250,000 articles may not be that much information regarding a certain subject, but it is certainly a lot to upload into a custom Assistant - and I’m willing to bet there is a massive amount of redundant information in those articles. These are simply the constraints we all face in the LLM’s current stage of development.
Those are my articles.
I wanted to hand them over to the community.
You can try with Breebs, available since today as Breebs GPT.
Limits for a Breeb are 50 files, 500Mo and 8M characters. Not enough for your 250000 articles, but better than what ChatGPT currently allows.
All Breebs are public.
Personally i can accept AI being limited at the moment since its the first release of GPTs but it would be nice to know the exact limitations
We know that we can upload 10, maybe 20 seperate documents. We know they have to be less than 500mb. But we dont know the token limit before quality begins to decline
In my prior attempts to make bots with data bases putting transcripts into them was no problem, but 60,000 lines of text in a document was to much for it to be of any use in a conversation.

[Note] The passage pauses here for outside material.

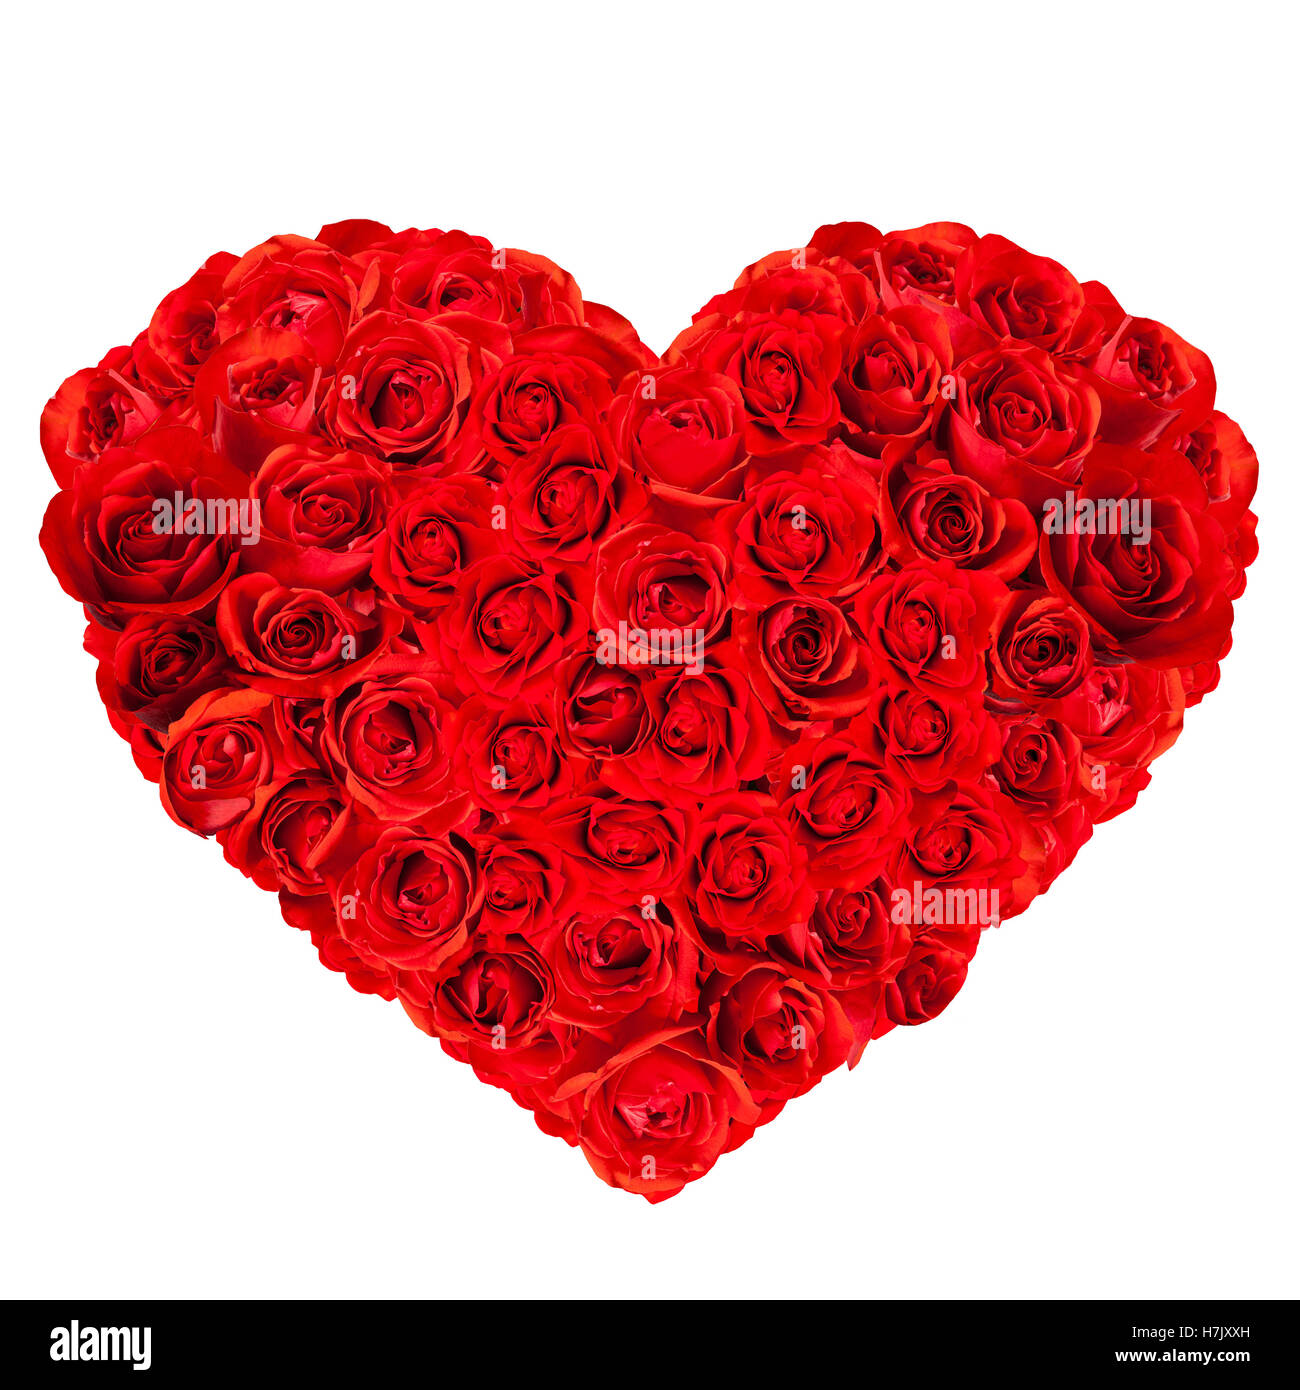 Red roses arranged into a heart shape for special occasions Stock Photo

I would say there is a point where each document caps out and becomes innefficient and id really like to know those numbers.
My guess with gpt is its going to be around 25 to 30k tokens, because you have the instructions, the prompt, the system prompt, and reading the dataset all taking up the context window, and so more than 30k per document sounds risky to me until we test it and find an exact cap. Any thoughts?

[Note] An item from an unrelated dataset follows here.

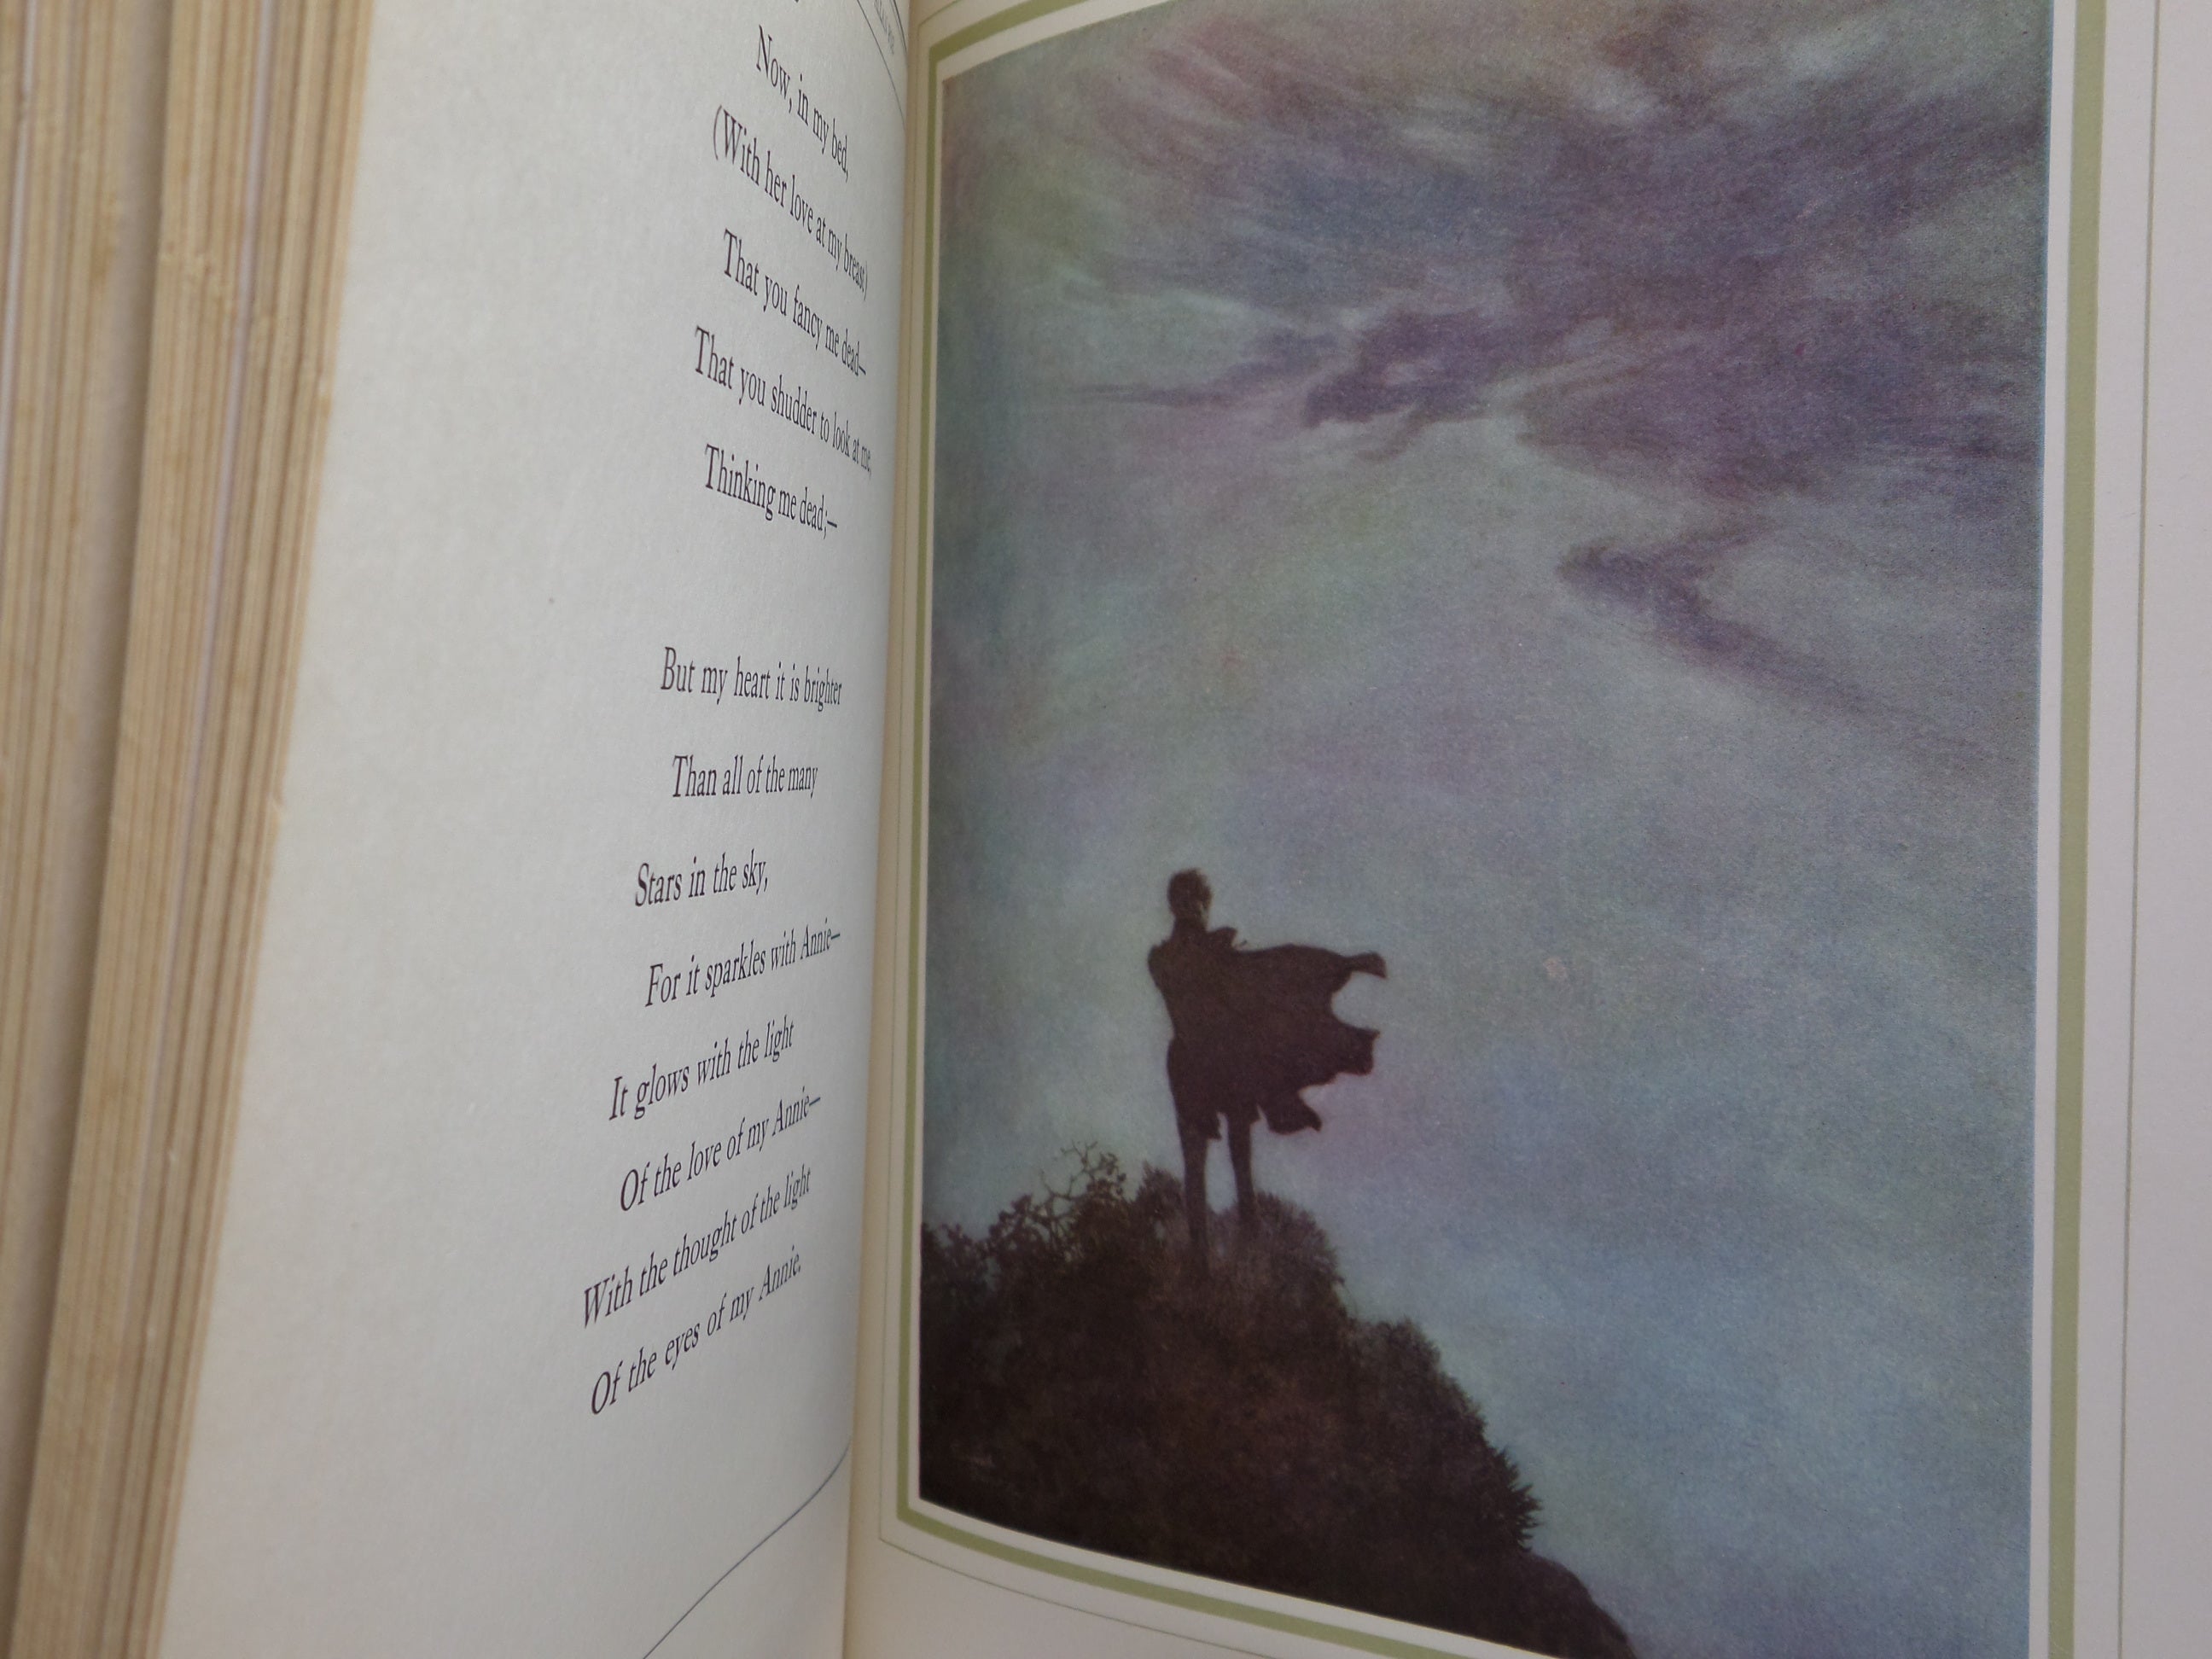 THE POETICAL WORKS OF EDGAR ALLAN POE, LEATHER-BOUND, EDMUND DULAC ILLUSTRATIONS

10 .txt files. What I found is that if I did 8 .txt files and 2 .pdf files that it would still work. When I moved to 7 .txt files and 3 pdf files, the system generated errors. Could be due to the content in the pdf files OR the size.
It cannot read compressed or zip files. It cannot successfully read a .txt if character spaces are removed (that’s a kind of “duh”, but I tried).
Size limitations: In Create mode it will tell you that 25mb is the ideal cap to avoid errors, but you can upload up to 50mb.
Character limitations: Based on my experimentation you can upload a single doc (.txt) that is less then 1.5mm characters.
So far working within theses parameters I was met with success.
I’ll update as I continue working with GPTs, but definitely interested in others’ answers.
The Assistants documentation on knowledge cap/docs doesn’t apply to GPTs, but the only reason I know even a tiny bit about this is via experimentation and asking the Create bot specific questions. See my findings in my other response. Of course, always evolving!
I just added a 317 pages PDF to one of mine and broke it. There are a total of 4 pdfs and the biggest is 1.1 MB.
same here. I uploaded a pdf of a book and it fails to generate any responses even unrelated to the pdf.
Hi, try pdf’s as well wikipedia articles in downloable pdf articles, if anything try converting them to plaintext or docx. btw it seems you can upload up to 8 files.
prob around 2k characters and you can upload up to 8 files.
PDF’s are fine, but also those are restricted in size.
You can simply not “feed” the knowledge with lot’s of text.
I had 250.000 high-end articles, but was only able to upload about 15.000 of them (which is a lot, but not enough for my purpose).
So I killed the GPT : it is a fun tool, not ment for serious research at scientific / historical / journalism level.